Отсюда напрашивается вопрос о том, какие демократические или представительные политические институты в наибольшей степени отвечают культурным и историческим особенностям этих пяти стран, о чем подробнее будет сказано ниже. В то же время автор категорически отвергает зачастую выдвигаемое утверждение о том, будто бы население Центральной Азии до известной степени не приспособлено к жизни в демократическом обществе в силу своей истории и культуры.

На самом деле справедливым является обратное. Сегодняшний уровень политической стабильности - или его видимость - долго не продержится, если стоящие у власти в регионе не осознают необходимости создания в своих обществах предохранительных клапанов путем формирования политических институтов на национальном или местном уровне, которые дали бы рядовым гражданам возможность стать своего рода пайщиками политической системы.

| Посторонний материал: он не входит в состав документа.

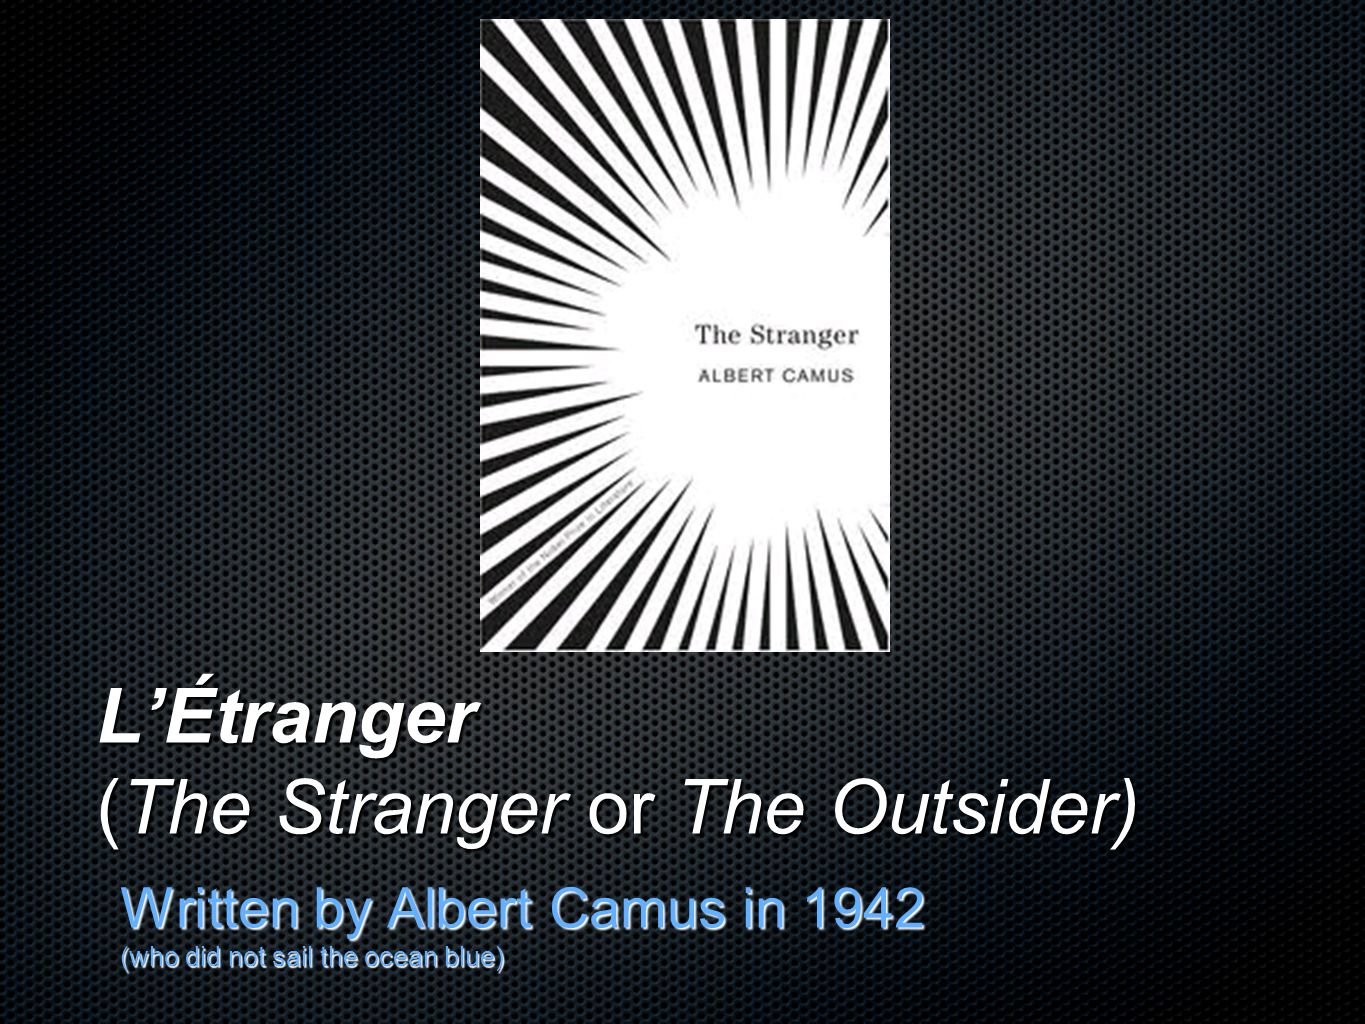 Reflective statement the stranger camus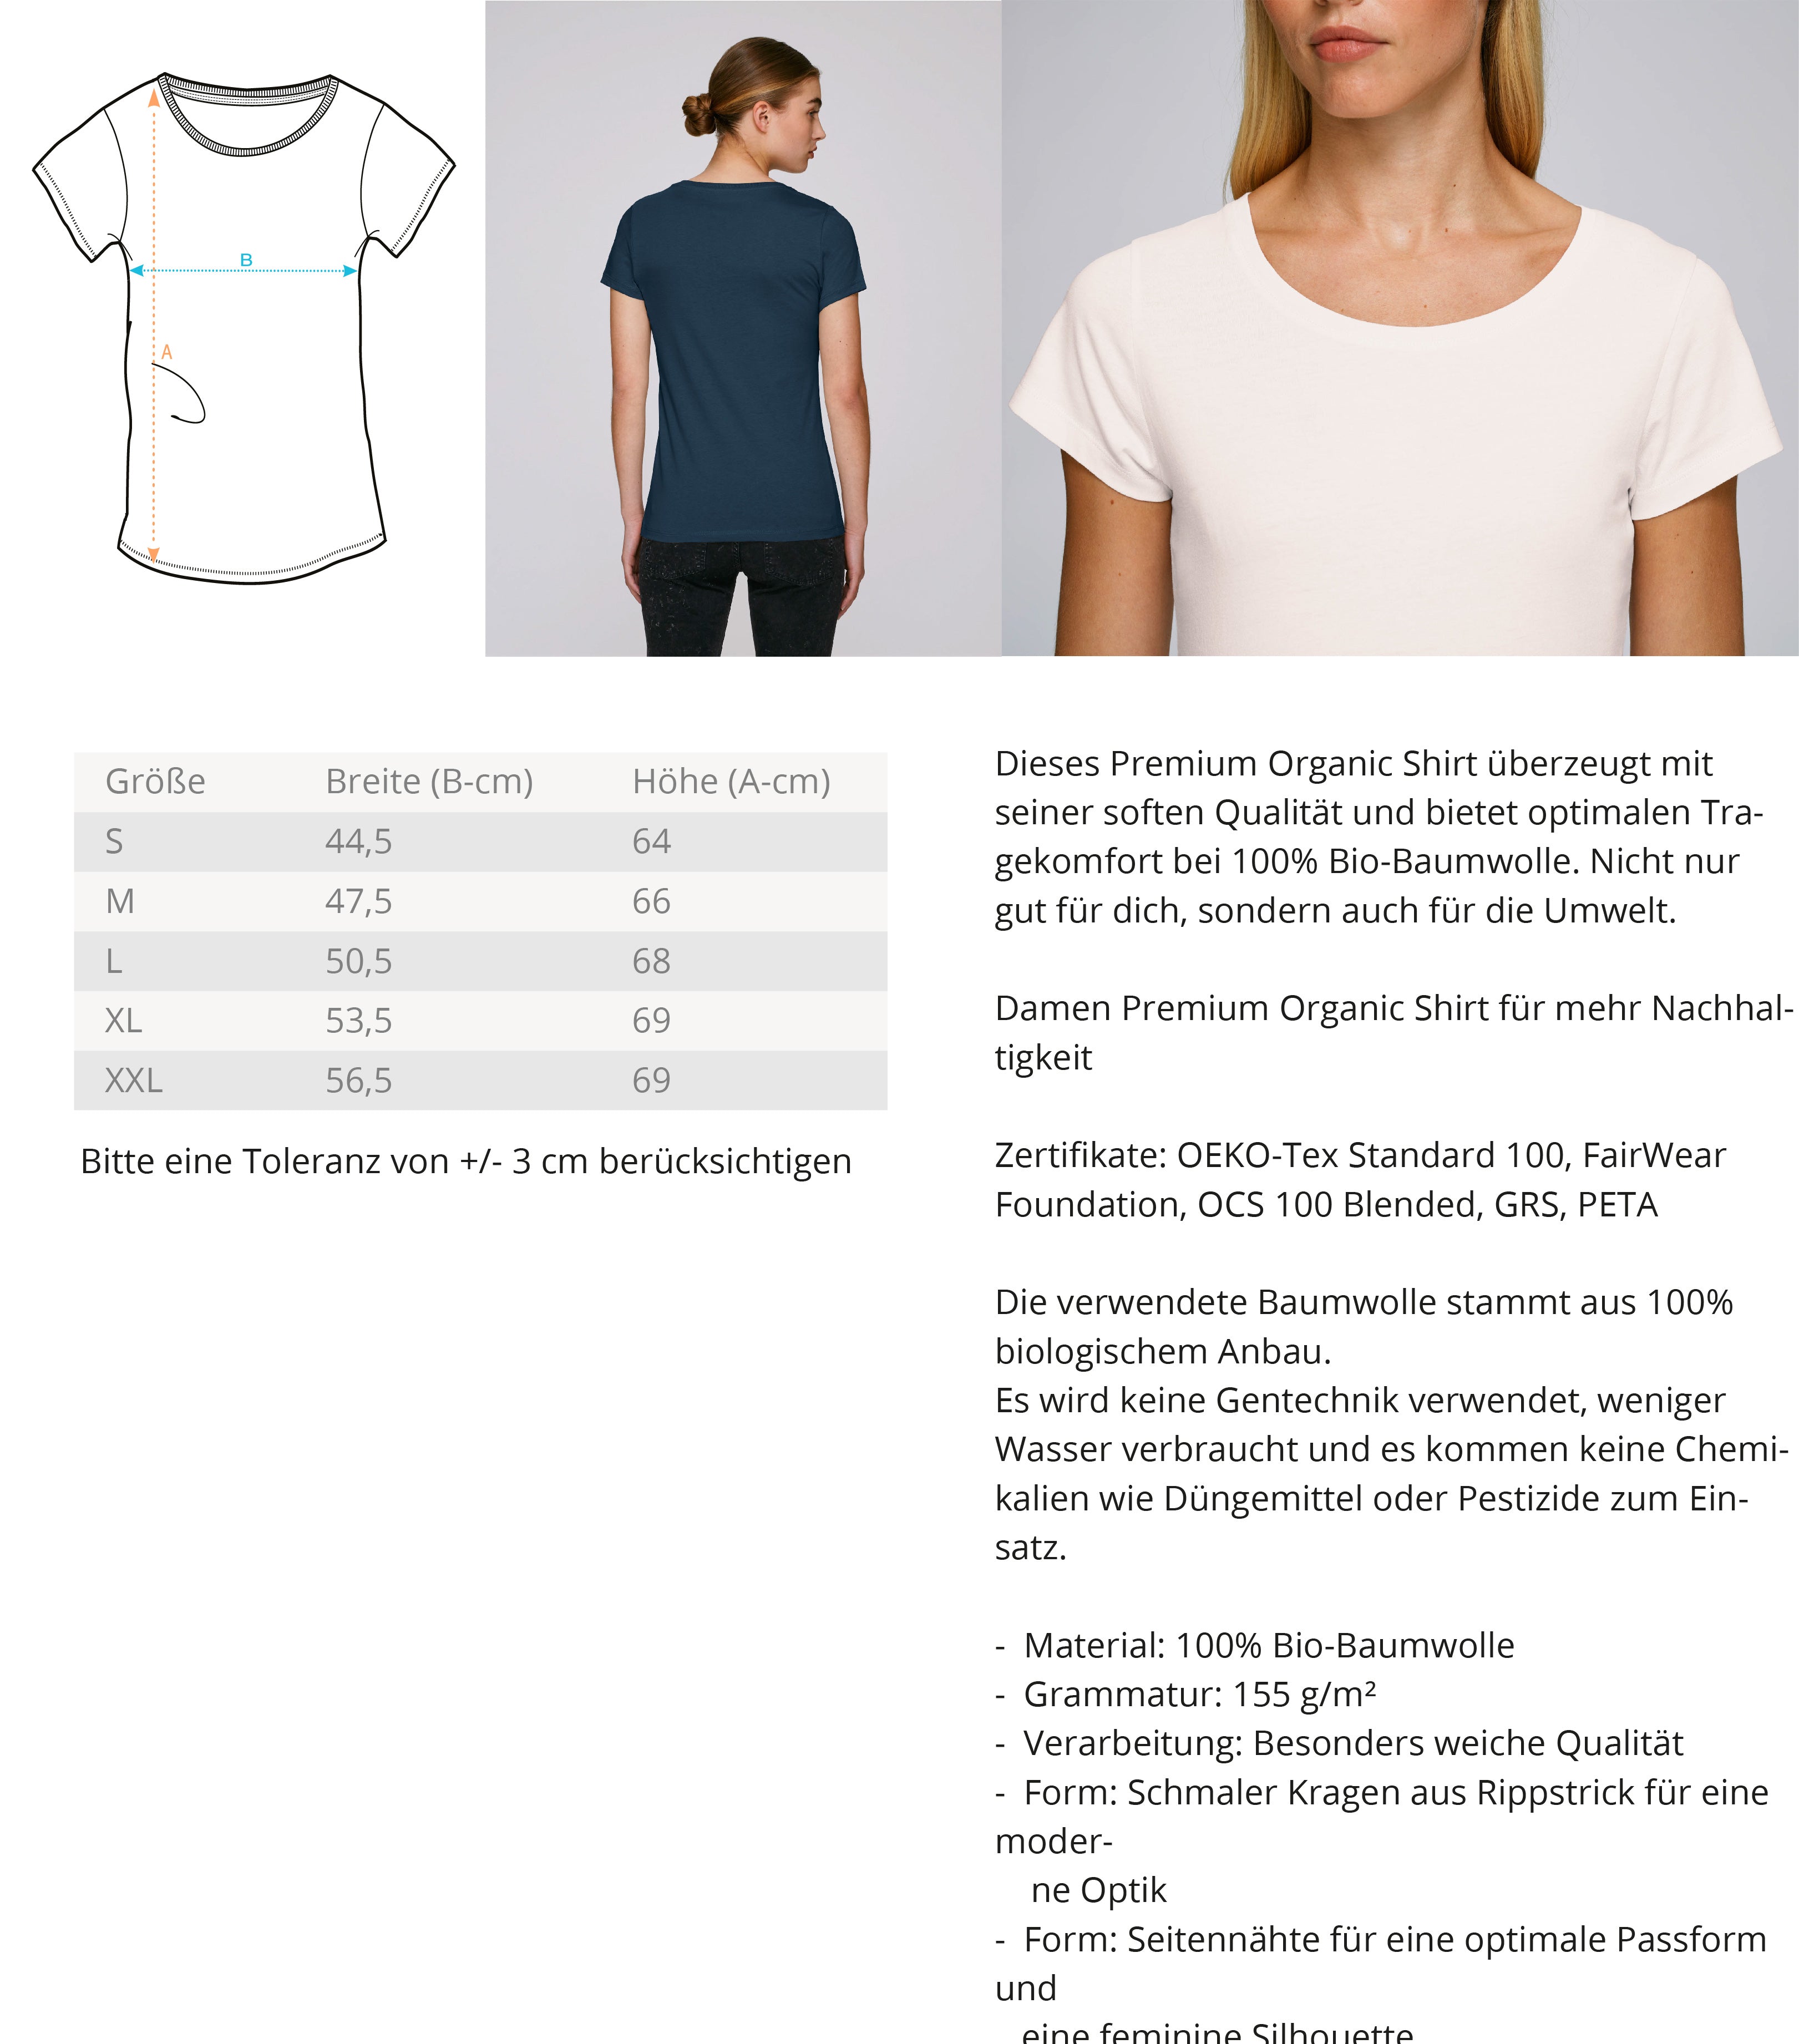 Kecke Füchsin  - Damen Premium Organic Shirt

Это тем более необходимо, учитывая, что экономические реформы по-разному отразились на положении различных слоев общества: они оставили за собой значительно больше людей, лишенных экономической опоры, чем тех, кто ощущает, что реформы принесли им растущие возможности.

Еще задолго до террористических актов 11 сентября все руководители центральноазиатских государств ставили на первое место обеспечение стабильности, а не демократизацию или политическую реформу. Всем этим странам еще весьма далеко до свободных и справедливых президентских выборов, хотя, за исключением Ниязова в Туркменистане, все их руководители прошли через "состязательные" выборы.

На сегодняшний день опасность состоит в том, что люди извлекут ложные уроки из эпизода правления талибов, и будут считать его неким показателем того, к чему может привести народовластие в этой части земного шара.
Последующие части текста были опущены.